[MUD-Dev] Playing catch-up with levels

Jeff jeff at monstersinmotion.com
Wed Apr 21 12:49:30 CEST 2004


From: "Amanda Walker" <amanda at alfar.com>

> The difficulties of translating/mutating the d20/D+D mechanics to
> a populous, diverse, unmoderated setting like an MMOG are fairly
> well known and, if I might be so bold, somewhat obvious... at
> least, to anyone who "wasted" excessive portions of their youth
> playing the game (like me :-) ).

I don't think they are well knows or obvious at all (to play devil's
advocate).

In the case of the referrers vs the newbie, the referrers pull the
newbie into the game at which point there is a momentary realization
of level mismatch. In most cases this realization happens BEFORE
indoctrinating the newbie to the MMORPG environment.
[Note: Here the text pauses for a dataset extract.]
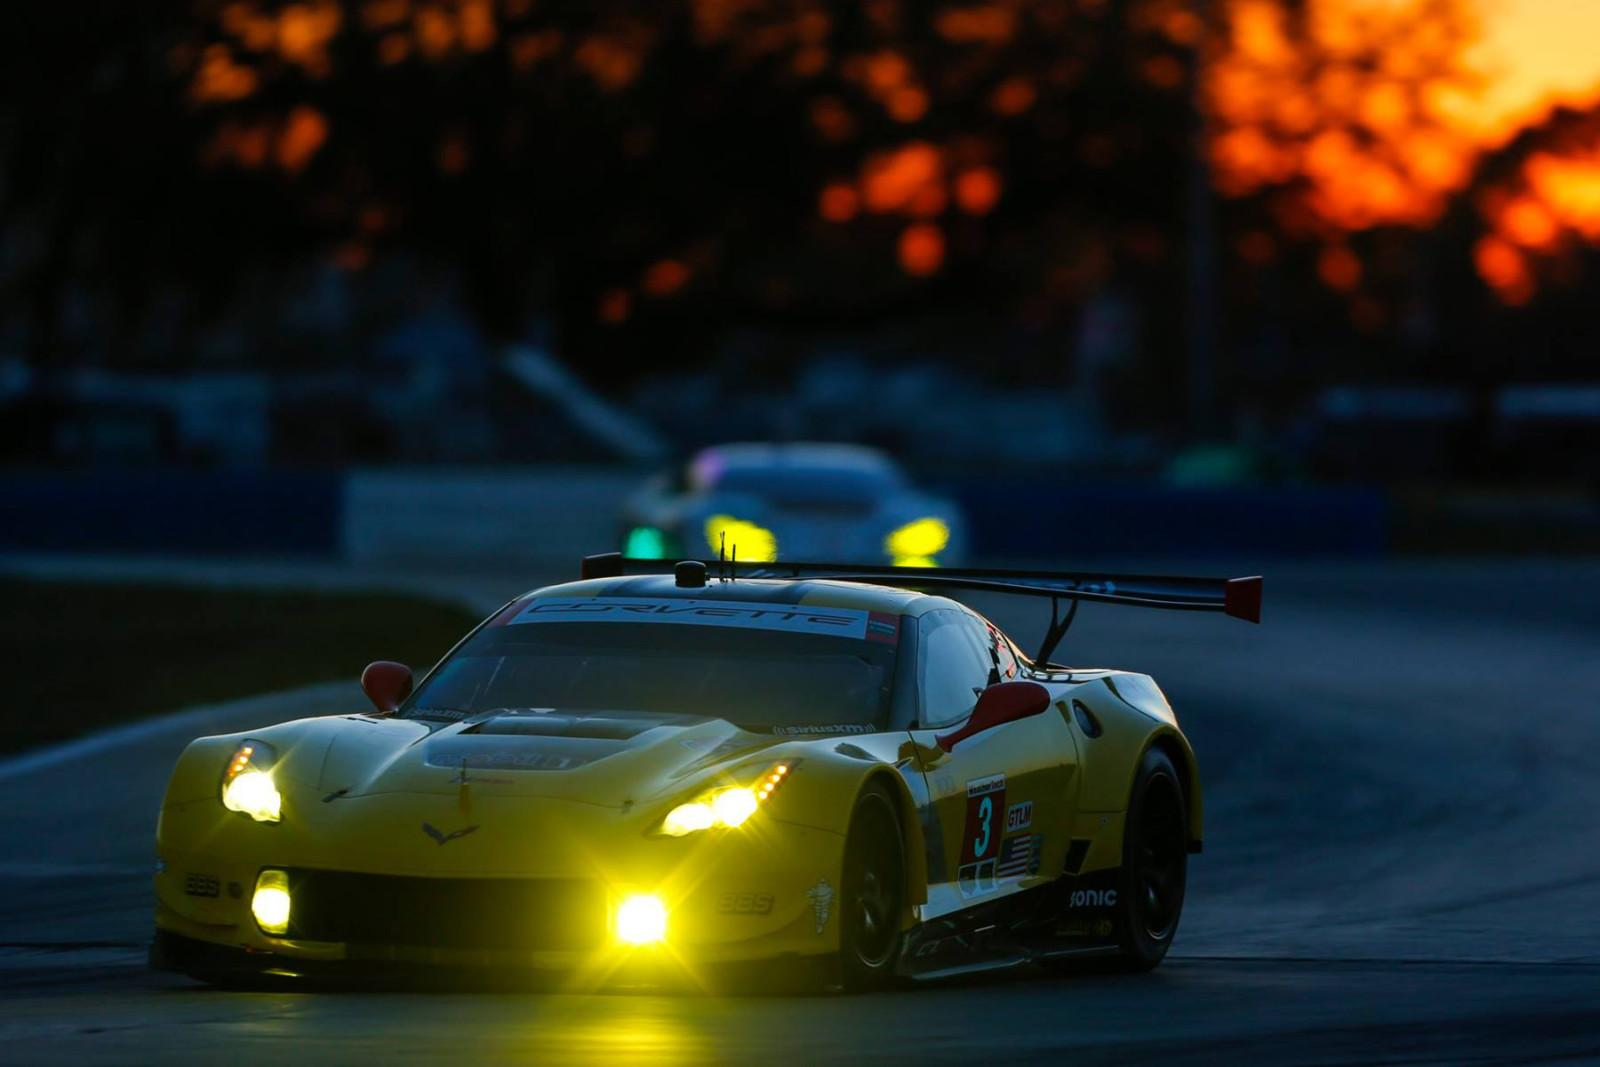 Corvette win Sebring - Wayne Taylor Racing offre Sebring à Cadillac, Corvette et Riley Motorsports victorieux en GT
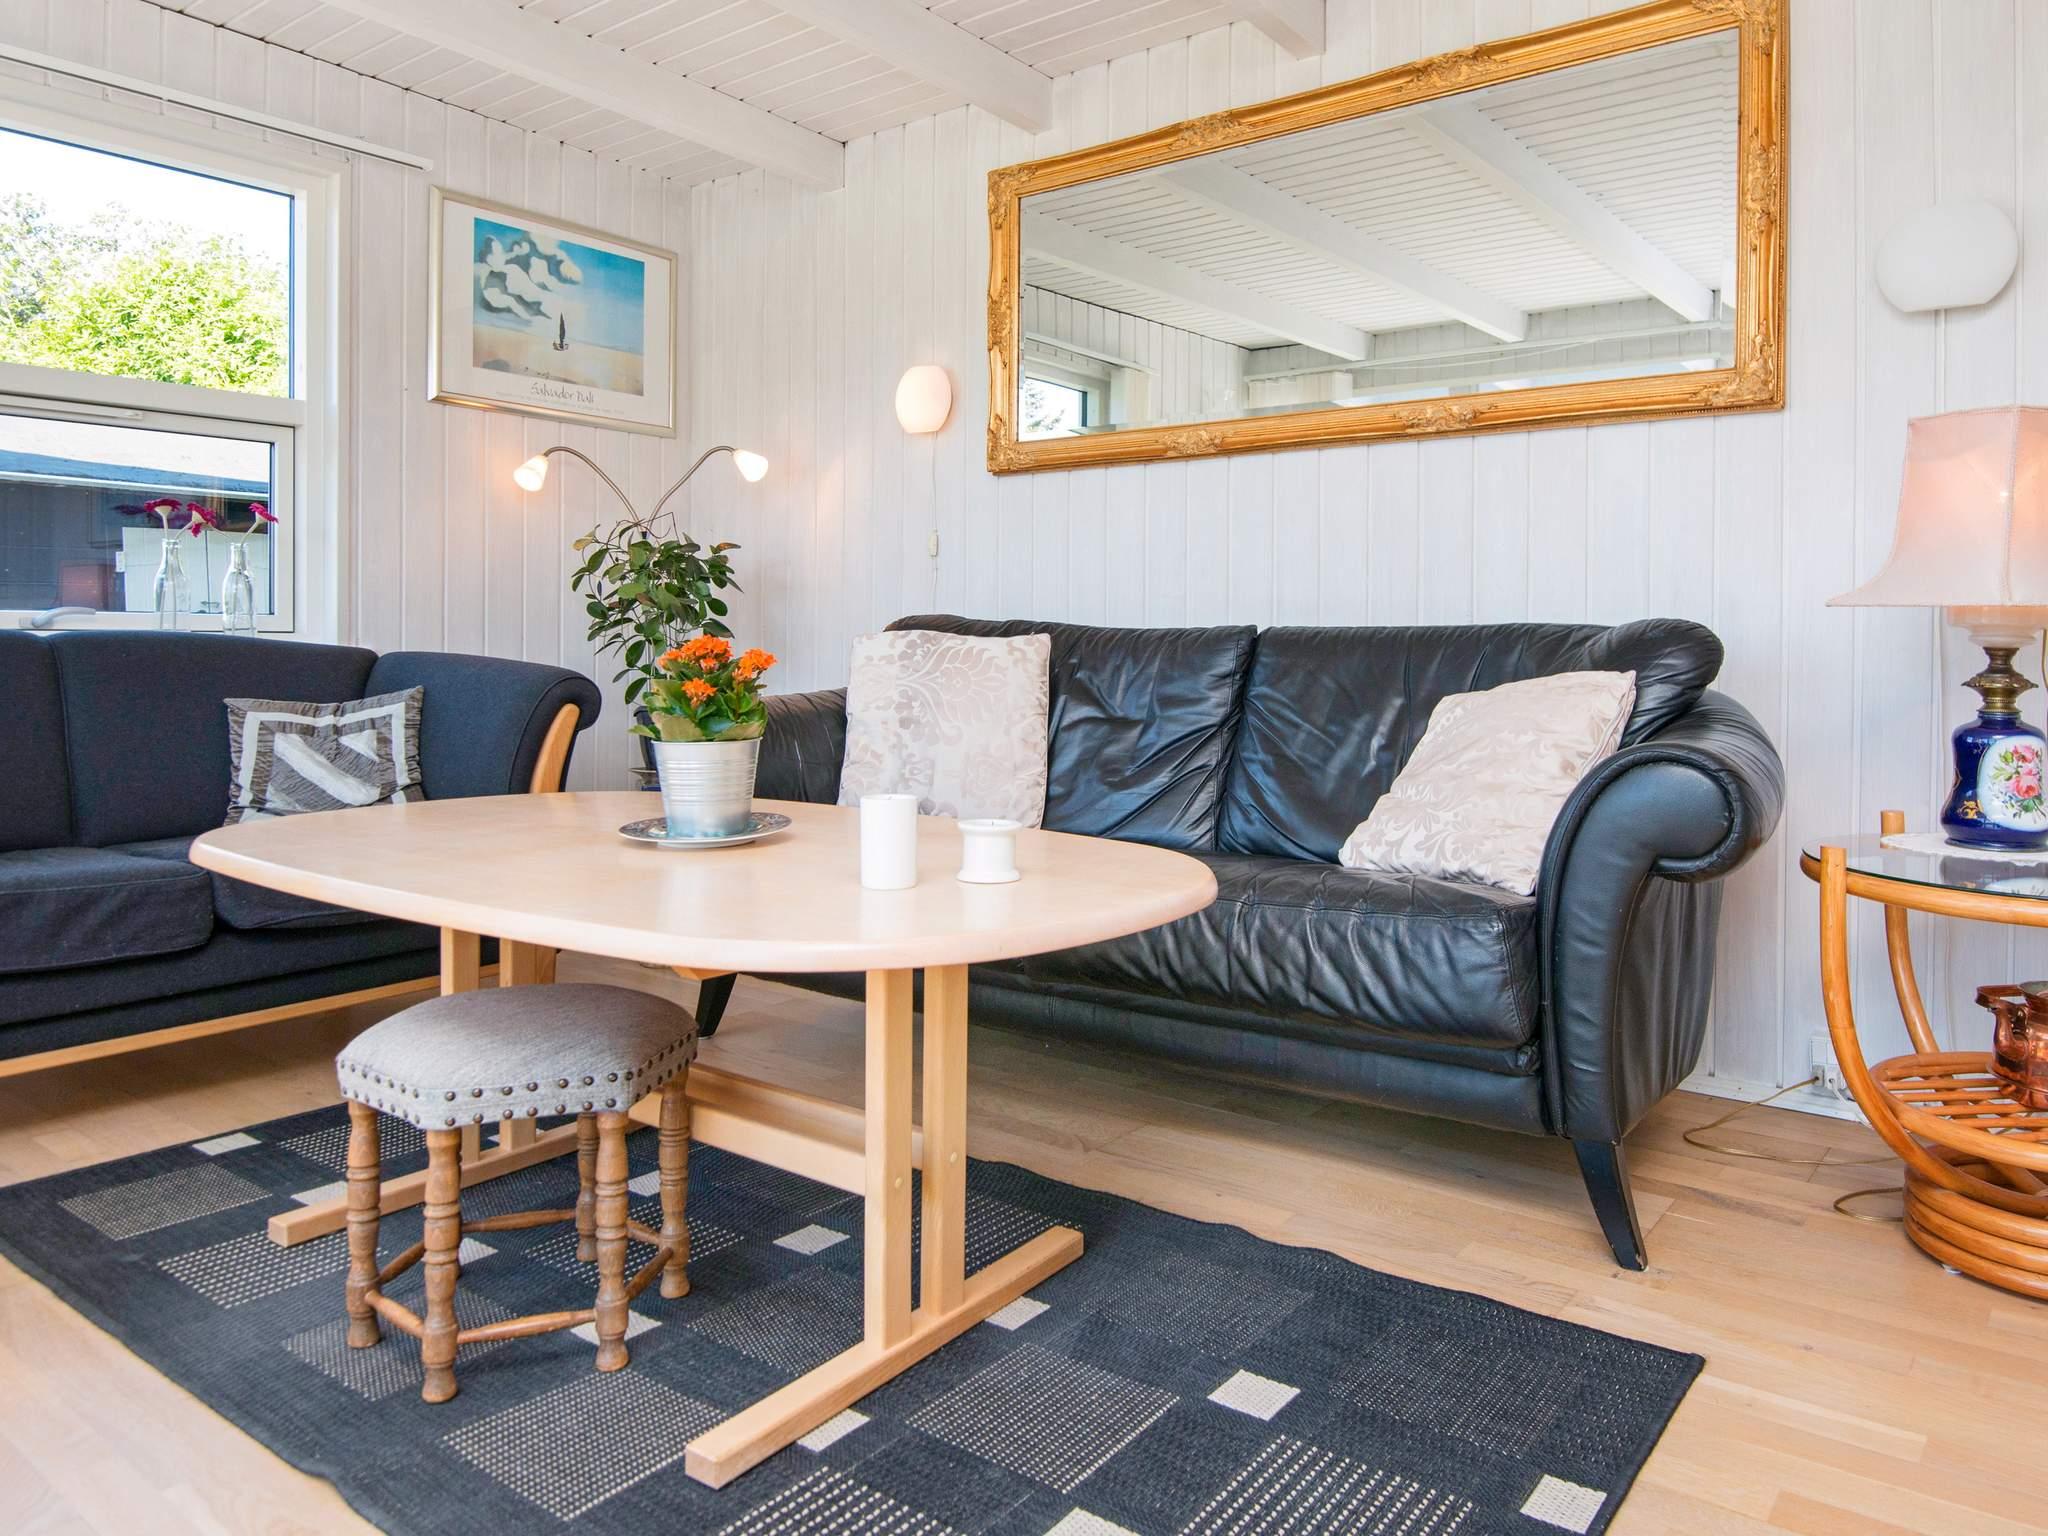 Ferienhaus Lyngsbæk Strand (493402), Ebeltoft, , Ostjütland, Dänemark, Bild 2

What happens when the newbie realizes it. Does the newbie quit?
Sometimes yes, mostly not. Now we need to talk about the psychology
of friends. As I have no degree and only a smattering of passed
psychology classes, I will do my best to articulate my observations
in my typical dictating-my-reality stream-of-thought
manner. Friendships are about relationships. You have ppl with
slave-master relationships and ppl with mutual respect
relationships. There are many relationship archetypes.  Let's take
me and my friend Cheese as an example.

I don't know Cheese too well, but I've met him at a Cybercafe off
and on for years. I've been to a party at his house and drank and
gotten high with him. We're friends and casually interact. Cheese is
a football player who's still in high school and has a CUTE
girlfriend. I'm a straight 28 year old programmer who is very well
paid and who weighs less than him (I skinny). He has much better aim
in Counter-Strike and I'm much smarter than him. This means I do
better on public servers and he does better in scrims. We both play
games almost every day and are socially balanced equals with
different lifestyles who talk about games from time to time. I
started Lineage 2 which I had been talking up since Shadowbane came
out (heh). I got into the closed beta and then started on the open
beta. He decided he wanted to play because he saw that I was really
having fun (not to plug L2, but to better explain). When he started
in the OB, I was level 15. The level difference was not insane but
there was a difference. I had played in the CB so I also had more
experience. When Cheese joined L2 we started a student-sensei
relationship, where I tell him what to hunt and where to go, what
armor to wear...because unlike in life, there are very efficient
methods you can identify with experience. This is social
roleplaying. This is why I think it's still an RPG.

When you meet people in a really good leveling group, you tend to
assume a role. You state your role as the healer, the tank,
etc. What happens beyond that is where the ACTUAL social roleplaying
emerges. Are you the talky type? Do you talk about drugs, girls, and
computers (like I do)?  Do you complain (this experience/exp/game
sucks, etc) when you feel disappointed? Are you altruistic?
Etc. Anyone can identify a rather large number of different "types"
of players beyond the game mechanics of being a paladin or
archer. Again, this is the roleplaying. MMORPGs force you into
spending copious amounts of time communicating WITH OTHER PEOPLE in
the interest of efficiency in advancement, or the lure of just
giving up takes over (statistically). Perhaps the failure of MMORPGs
is not a crude time consuming metaphor, a lack of content, or even a
lack of people who like to roleplay, but that MMORPGs don't properly
motivate ppl to communicate ENOUGH. YMMV.